The short story is that we will get an slope, and if this slope is not explained by chance alone we will reject the constant variance assumption.

Let’s test the constant variance assumption when we estimate anxiety \(\sim\) worry.

```
Call:
lm(formula = resi ~ yhat)
Residuals:
Min 1Q Median 3Q Max
-3.4731 -1.1677 -0.3061 0.8137 7.6189
Coefficients:
Estimate Std. Error t value Pr(>|t|)
(Intercept) 0.71106 0.35353 2.011 0.0457 *
yhat 0.35385 0.08094 4.372 2.01e-05 ***
---
Signif. codes: 0 '***' 0.001 '**' 0.01 '*' 0.05 '.' 0.1 ' ' 1
Residual standard error: 1.777 on 194 degrees of freedom
Multiple R-squared: 0.08968, Adjusted R-squared: 0.08499
F-statistic: 19.11 on 1 and 194 DF, p-value: 2.009e-05
```

- In this case we cannot hold the assumption of homocedasticity (constant variance), because the estimated slope is not explained by chance alone (\(p < .001\)).

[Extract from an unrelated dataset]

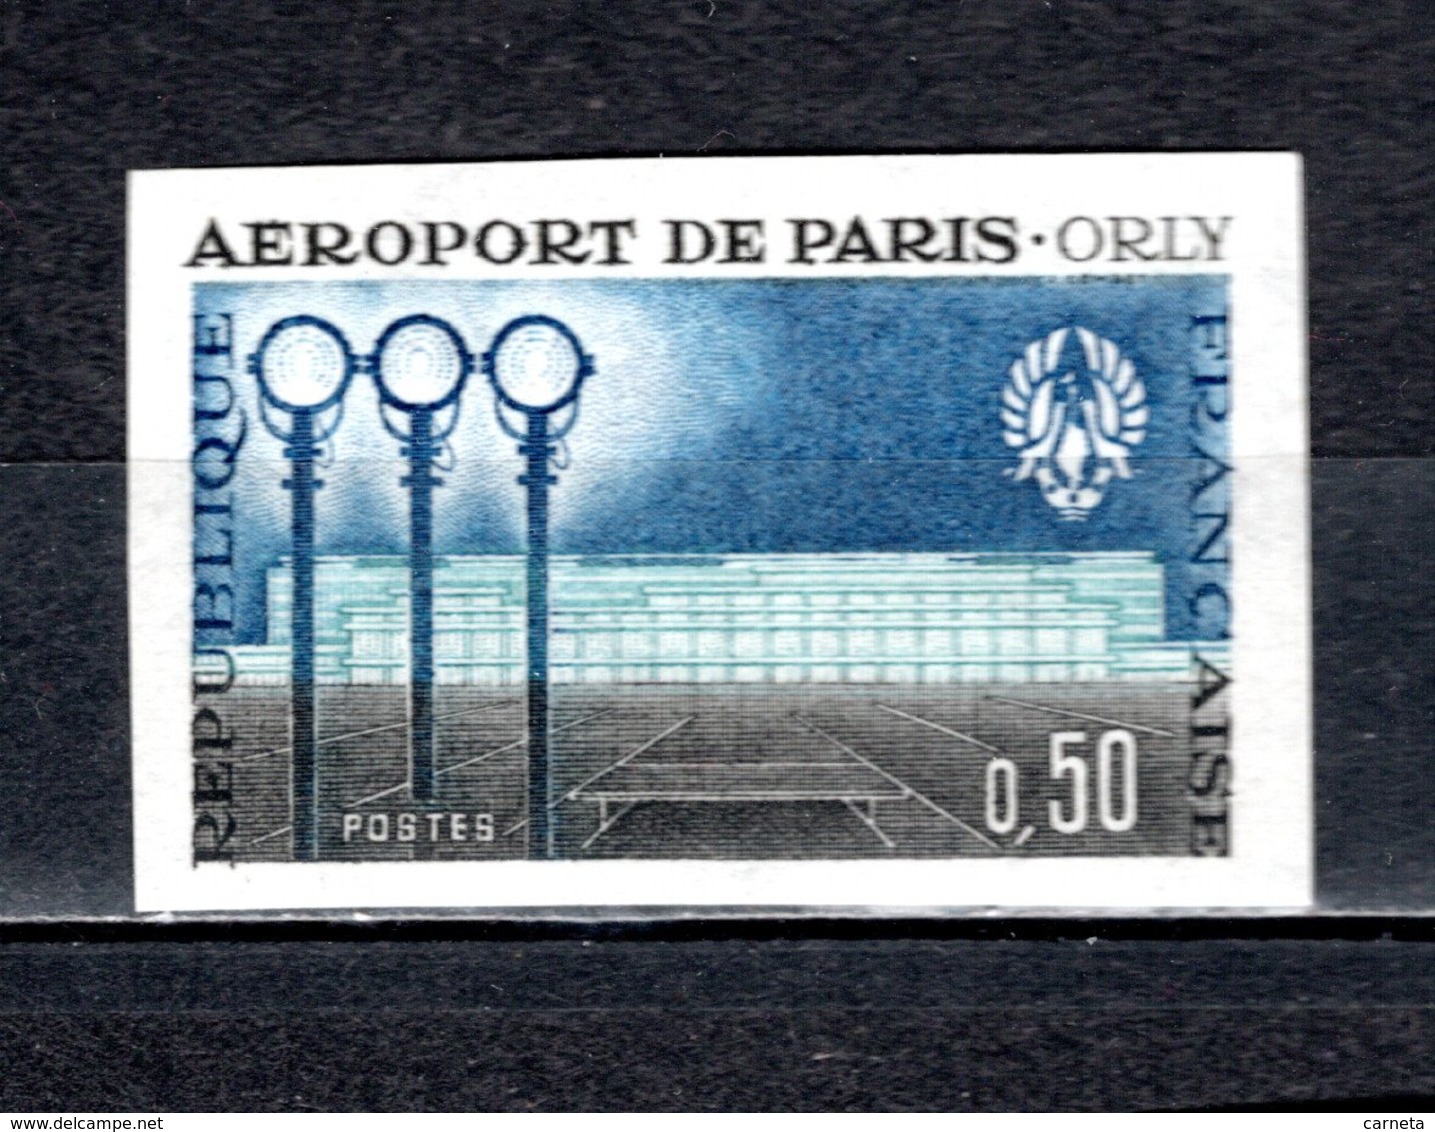 FRANCE  N° 1283a  NON DENTELE NEUF SANS CHARNIERE  COTE 46.00€  AEROPORT DE PARIS - Non Classés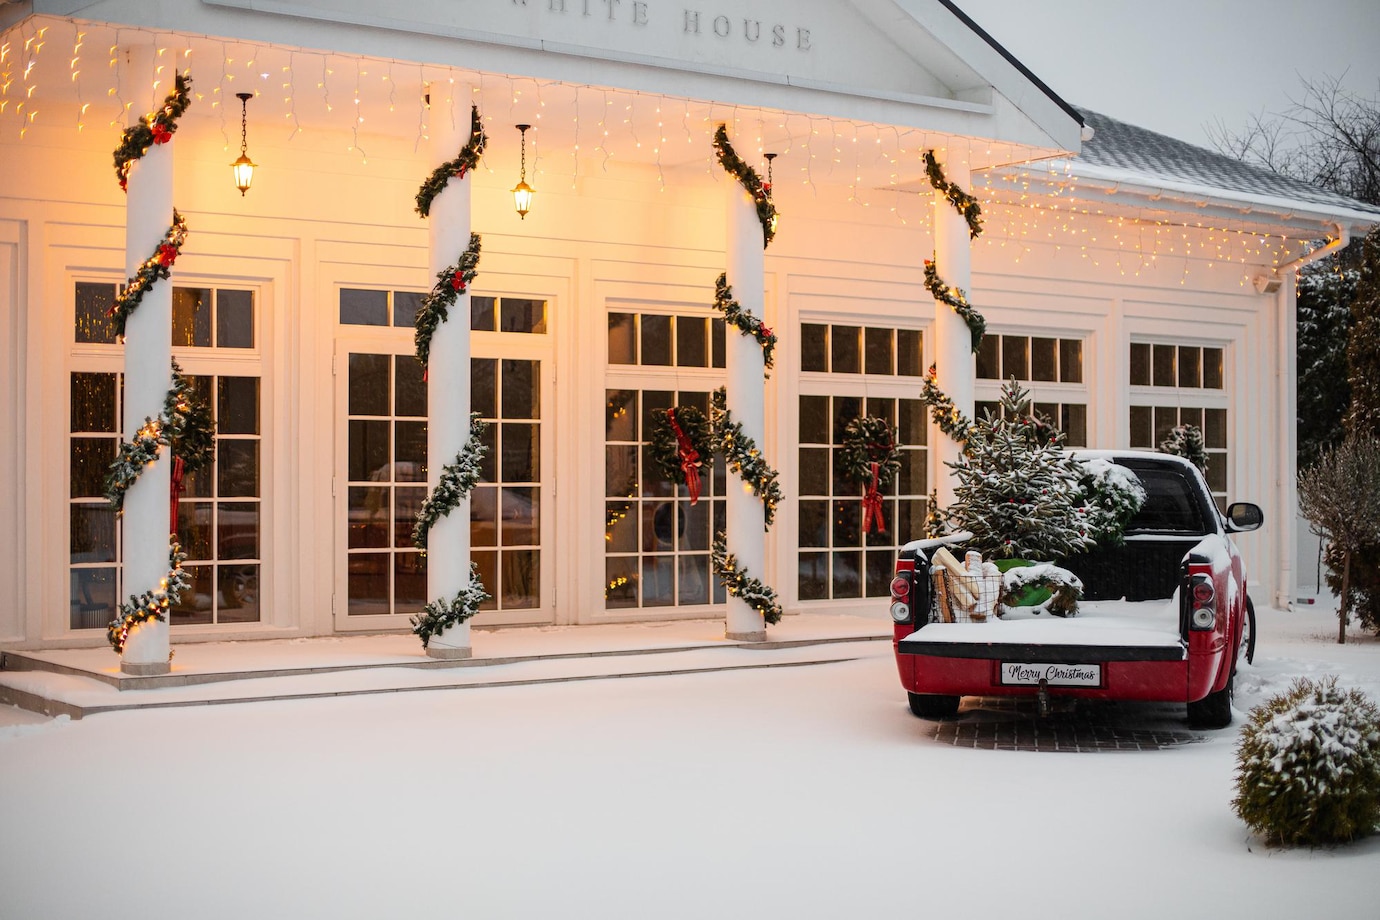 La imagen muestra una casa blanca con cuatro columnas decoradas con flores navideña. A la izquierda hay una caminoneta roja con un árbol de navidad sobre la calle nevada.

- You can graphically evaluate if your model holds the assumption of normality. Remember that this assumption states that each conditional distribution \(p(y|x)\) is normally distributed.
- The best option is to plot the residuals of your model versus the quantiles of the normal distribution, this is called a
`QQ-Plot`

(quantile to quantile plot).

- The qqplot can be sometimes difficult to read. We could perform a test called the Shapiro-Wilk test. In this test, the null hypothesis states “There is not deviation from the normal distribution”. A \(p\)-value less than .05 means that the model does not hold the assumption of conditional normality.

```
Shapiro-Wilk normality test
data: res
W = 0.85861, p-value = 1.612e-12
```

- The Shapiro-Wilk test showed a p-value lower than .001, this means that the deviations of the residuals from the normal distribution are not explained by chance.

**IMPORTANT!**

The regression model and the General Linear Model does not assume that the outcome should come from a normally distributed process. That’s why the normality test is performed on the residuals of the model. The residuals are the product of the conditional relationship \(p(y|x)\). Don’t test the normality assumption on your dependent or outcome variable.

Field, A., Miles, J., & Field, Z. (2012). *Discovering statistics using r*. Sage publications.

Westfall, P. H., & Arias, A. L. (2020). *Understanding regression analysis: A conditional distribution approach*. Chapman; Hall/CRC.